Hipotese Umur Kritis

Sebelum umur 12 tahun seorang anak mampu memperoleh bahasa manapun yang

disajikan secara natif. Gejala ini dinamakan hipotese umur kritis (diajukan oleh Lenneberg pada

tahun 1967)anak umur 2-12 tahun dapat memperoleh bahasa manapun dengan kemampuan

seorang penutur asli. Hal ini dikarenakan, hemisfir kiri dan kanan belum memperoleh tugas

secara terpisah. Namun hipotesa ini ada juga yang menyanggah. Krashen (1972), beranggapan

bahwa lateralisasi sudah terjadi sejak umur 4-5 tahun.

Mengenai peran hemisfir, ada perbedaan pendapat. Ganese, dkk (1978) mengatakan

hemisfir kiri lebih banyak berperan pada orang bilingual sejak kecil dibandingkan ketika dewasa.

Vaid (1987), menyatakan hal yang sebaliknya, bahwa sejak umur 10-14 tahun lebih banyak yang

menggunakan hemisfir kiri dibandingkan sebelum umur 4 tahun.

Kekidalan dan Kekinanan

Seorang yang kidal tetep lebih dominasi menggunakan hemisfir kiri untuk hal

kebahasaan. Orang kidal kadar dominasi hemisfir kirinya tidak sekuat kinan, sehingga mereka

memiliki masalah dalam hal baca tulis.

Otak Pria dan Otak Wanita

Steinberg, dkk (2001) mengatakan bahwa hemisfir kiri pada wanita lebih tebal. Inilah

yang menyebabkan kelas bahasa didominasi wanita. Namun hal ini disangkal Philip, dkk yang

menyatakan bahwa perbedaan itu hanyalah pengaruh budaya bukan genetik.

Bahasa Sinyal

Kita beranggapan bahwa orang yang menggunakan bahasa sinyal, maka dia akan

menggunakan hemisfir kanan secara lebih dominan. Hal ini tidak sepenuhnya benar, karena

ketika seorang tuna rungu mengalami gangguan pada hemisfir kirinya, maka dia mengalami

Page 4: Landasan Neurologis Pada Bahasa.docx

masalah kebahasaan sebagaimana dialami penderita afisia Broca dan Wernicke yang normal.

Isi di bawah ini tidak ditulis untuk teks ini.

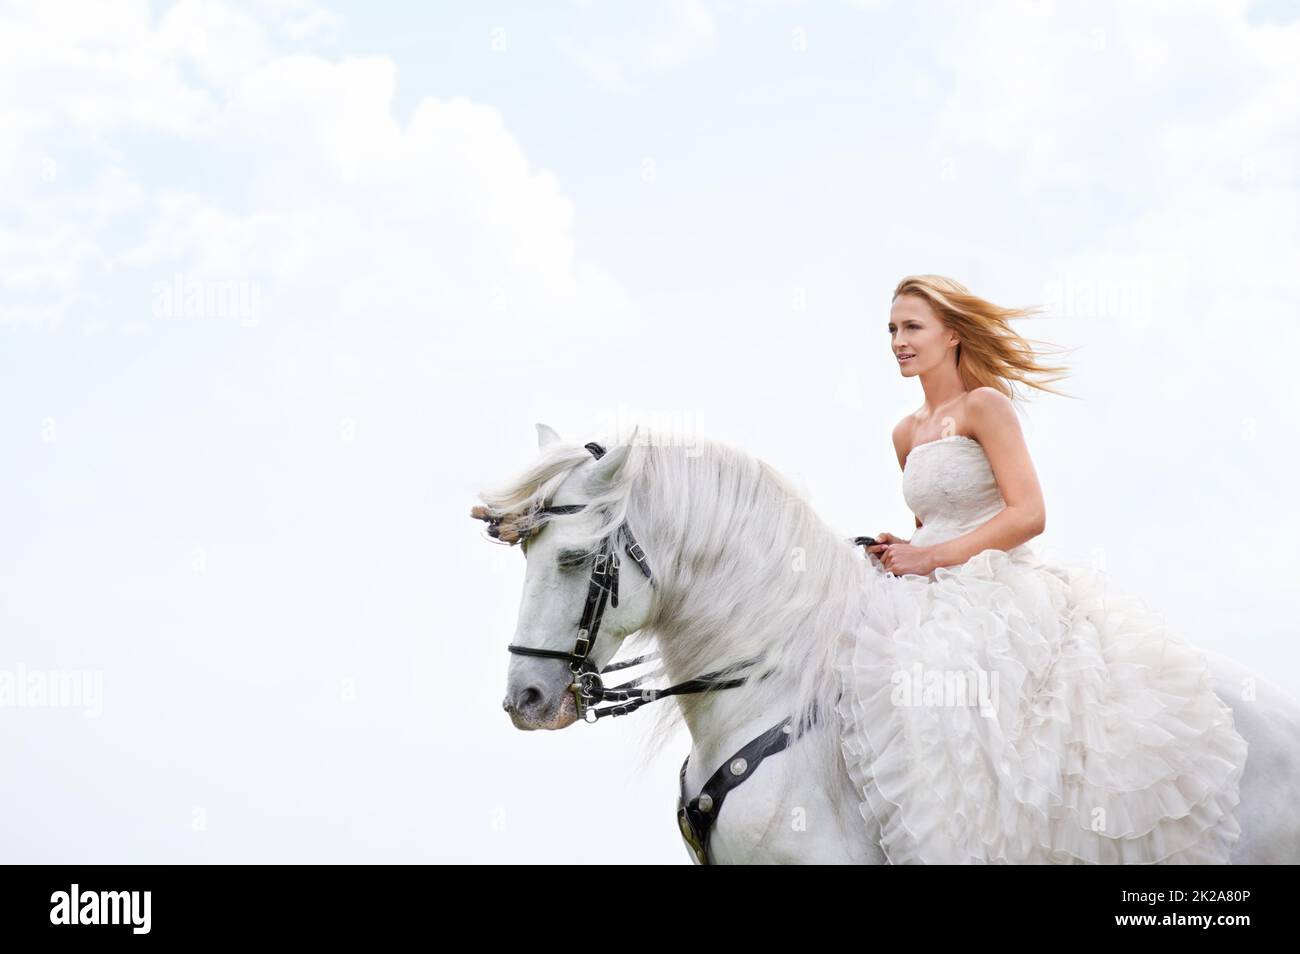 Sie kam zu ihrer Hochzeit auf dem Pferderücken. Eine attraktive junge Braut draußen mit ihrem Pferd. Stockfoto

Mereka tidak dapat menyampaikan sinyal secara benar. Sebaliknya ketika yang mengalami

gangguan adalah hemisfir kanan, maka kemampuan mereka dalam menyampaikan sinyal tidak

mengalami masalah.

Metode Penelitian Otak

Awalnya penelitian otak masih dilakukan secara tradisional, ketika pasien sudah

meninggal, atau menggunakan anastesi lokal. Mereka melakukan uji coba dengan menggunakan

electrode beraliranlistrik kecil untuk mendeteksi gangguan otak. Namun seiring berjalannya

waktu, teknologi untuk mendeteksi gangguan otak semakin canggih. Metode itu di antaranya

dengan menggunakan CT/CAT, PET, MRI, dan ERPs.

1. CAT memanfaatkan sinar X untuk merekam berbagai imaji yang kemudian dibentuk

menjadi 3 dimensi oleh komputer.

2. PET bekerja dnegan menyuntikkan bahan radioaktif ringan ke pembuluh darah,

kemudian pola aliran darah ke otak ditelusuri dengan detektor khusus. Detektor ini

memberikan imaji yang berwarna.

3. MRI memanfaatkan jumlah aliran darah pada daera otak yang sedang aktif. Ini diukur

melalui medan magnetik yang menelusuri proton-proton pada aliran darah.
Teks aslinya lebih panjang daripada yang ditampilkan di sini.